Herpes zoster (shingles) is caused by the reactivation of the patient’s varicella virus. Virus from lesions can be transmitted to susceptible individuals to cause chickenpox but there is no evidence that herpes zoster can be acquired from another individual with chickenpox. Although more common in the elderly, it can occur in children and is especially common in immunosuppressed individuals of any age. Vesicles appear in the dermatome, representing cranial or spinal ganglia where the virus has been dormant. The affected area may be intensely painful with associated paraesthesia.
Varicella is transmitted directly by personal contact or droplet spread. The incubation period is between one and three weeks. The secondary infection rate from household contact with a case of chickenpox can be as high as 90%. The infection is most common in children below the age of ten, in whom it usually causes mild disease.
The disease can be more serious in adults, particularly pregnant women and those who smoke, as they are at greater risk of fulminating varicella pneumonia. Pregnant women appear to be at greatest risk late in the second or early in the third trimester; of the nine deaths due to varicella in pregnancy in England and Wales between 1985 and 1998, seven occurred between 27 and 32 weeks’ gestation (Enders and Miller, 2000). For neonates and immunosuppressed individuals, the risk of disseminated or haemorrhagic varicella is greatly increased.
Risks to the fetus and neonate from maternal chickenpox are related to the time of infection in the mother (Enders et al., 1994; Miller et al., 1990):
    in the first 20 weeks of pregnancy – congenital (fetal) varicella syndrome, which includes limb hypoplasia, microcephaly, cataracts, growth retardation and skin scarring. The mortality rate is high. From the largest available prospective study, the incidence has been estimated to be less than 1% in the first 12 weeks and around 2% between 13 and 20 weeks of pregnancy (Enders et al., 1994). In this study, no cases of congenital varicella syndrome occurred among the 477 pregnancies in which maternal varicella occurred after 20 weeks’ gestation.
    in the second and third trimesters of pregnancy – herpes zoster in an otherwise healthy infant. Occasional cases of fetal damage comprising chorioretinal damage, microcephaly and skin scarring following maternal varicella between 20 and 28 weeks’ gestation have been reported (Tan and Koren, 2005), but the risk is likely to be substantially lower than that of the typical congenital varicella syndrome which occurs after maternal varicella in the first 20 weeks’ gestation.
    a week before, to a week after delivery – severe and even fatal disease in the neonate. Before the introduction of human varicella zoster immunoglobulin (VZIG) in the UK, half the deaths in infants under one year old occurred in those aged less than three weeks in whom infection would have been contracted either before or during birth or in the first week of life.

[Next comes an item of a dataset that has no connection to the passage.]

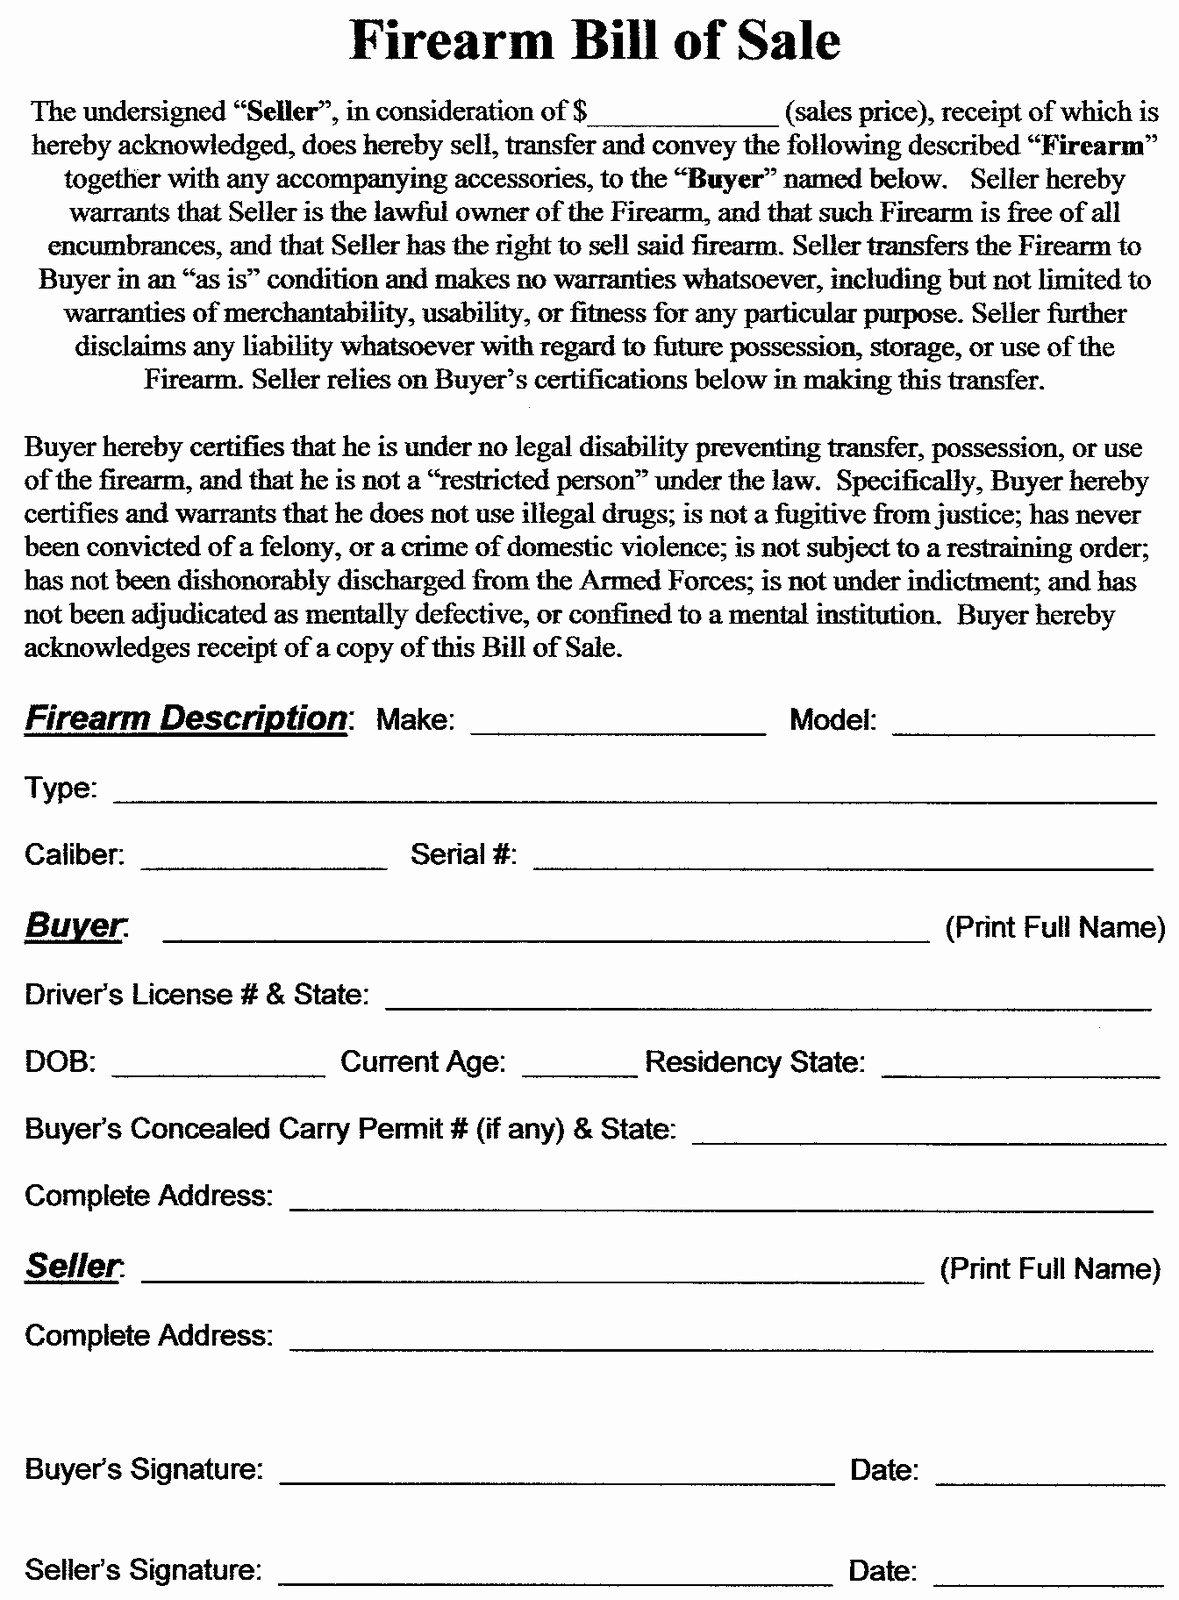 Florida Firearm Bill Of Sale Fresh Utah Concealed Carry Permit

History and epidemiology of the disease

The incidence of varicella is seasonal and classically reaches a peak from March to May, although in recent years seasonality has been less marked. Since chickenpox is so common in childhood, 90% of adults raised in the UK are immune.
Herpes zoster is less common than chickenpox and the incidence is highest in older people. The incidence of shingles increases with age and around one in four adults will experience an attack in their lifetime (Miller et al., 1993).

The varicella vaccination

Varicella vaccines are lyophilised preparations containing live, attenuated virus derived from the Oka strain of varicella zoster virus. Two vaccines are currently available: Varilrix® (Oka-RIT) and Varivax® (Oka/Merck). On reconstitution, both preparations should be given as a 0.5ml dose. Although there are no data on interchangeability, it is likely that a course can be completed effectively with a different vaccine.
Varicella vaccines do not contain thiomersal. They contain live organisms which have been attenuated.
Transmission of vaccine virus from immunocompetent vaccinees to susceptible close contacts has occasionally been documented but the risk is very low. Transmission in the absence of a post-vaccination rash has not been documented (Annunziato and Gershon, 2000).
The two-dose vaccination schedule provides about 98% protection in children (Shapiro et al., 2011) and about 75% protection in adolescents and adults (Annunziato and Gershon, 2000). In both age groups, most of the breakthrough infections are modified and vaccinated individuals who contract varicella have fewer lesions and less systemic upset than unvaccinated individuals.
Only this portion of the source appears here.